The House Is Black (Forough Farrokhzad, 1963)

Near the end of the film, a child sitting in class is asked to name a few beautiful things—the moon, the sun, flowers, playtime—and another a few ugly things. “Hand,” he replies, giggling, “foot, head.” A third has to come up to the blackboard and use the word “house” in a sentence. He hesitates, turns, and slowly writes out, the house is black.

There are many films in which the beautiful and ugly coexist, and many that propose some way of easing the resulting tension, whether by giving one the last word, or (less frequently) by reconciling the two. The House Is Black doesn’t propose a thing. It’s a film not about striving, ascending, or transcending, but about waiting—sometimes patiently, sometimes fitfully. There is beauty, but not enough to compensate for affliction; hope, but no sign of its fulfillment. No sign even of an object on which hope could settle, any potential source of grace.

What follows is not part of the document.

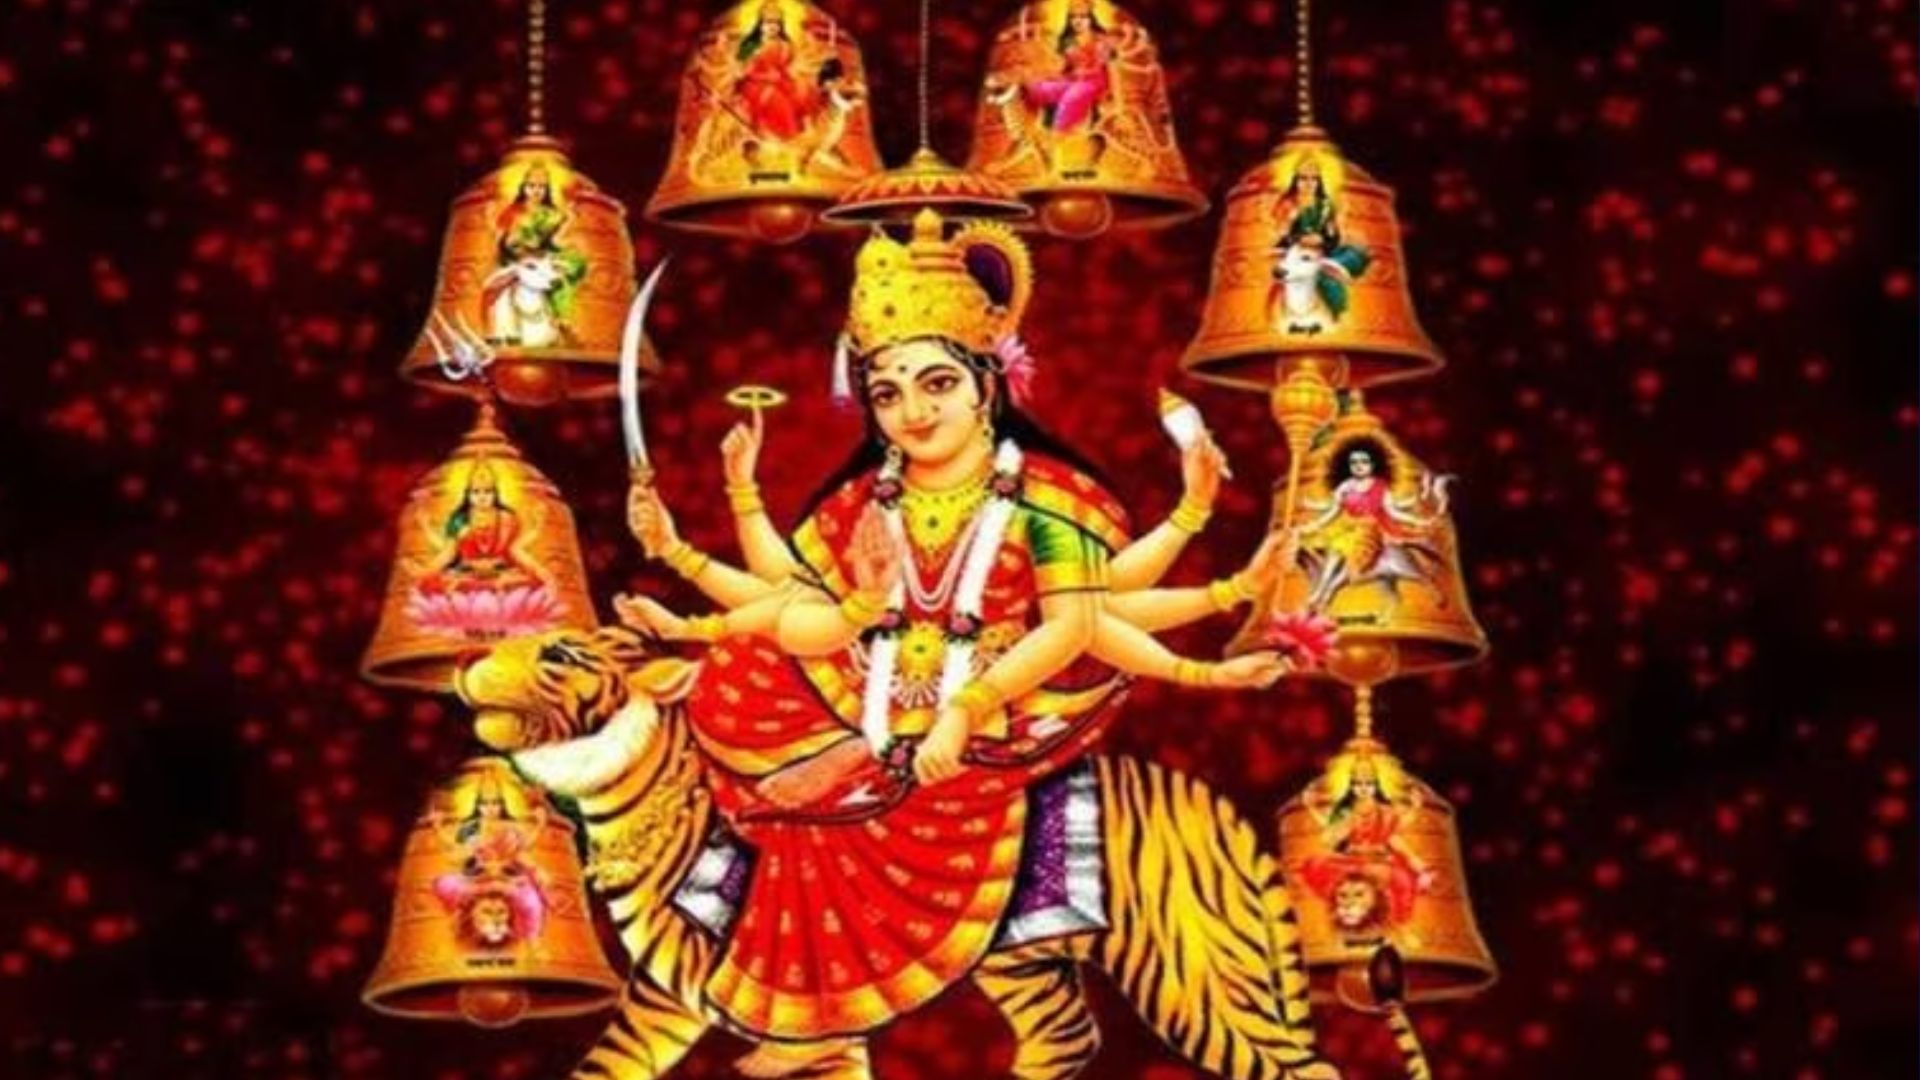 बरेली : चैत्र नवरात्रि के पहले दिन करें ये काम, घर में आएगी सुख-समृद्धि और बनेंगे बिगड़े काम 

Well, maybe one. If in watching The House Is Black we witness and even briefly participate in the giving back of humanity to the afflicted, if it was by filming these lepers that Farrokhzad managed to return them their dignity, if not their health, then perhaps The House Is Black is in some meager and incomplete way its own source of grace. For twenty-two minutes, these men and women have the chance to see their shattered bodies re-written in light—if only on a screen, by the flickering glow of a projector. They haven’t been healed, but they’ve seen their present sufferings reproduced in a new, immaterial substance, one untouched by bodily affliction. It isn’t a solution, but it might at least be a promise.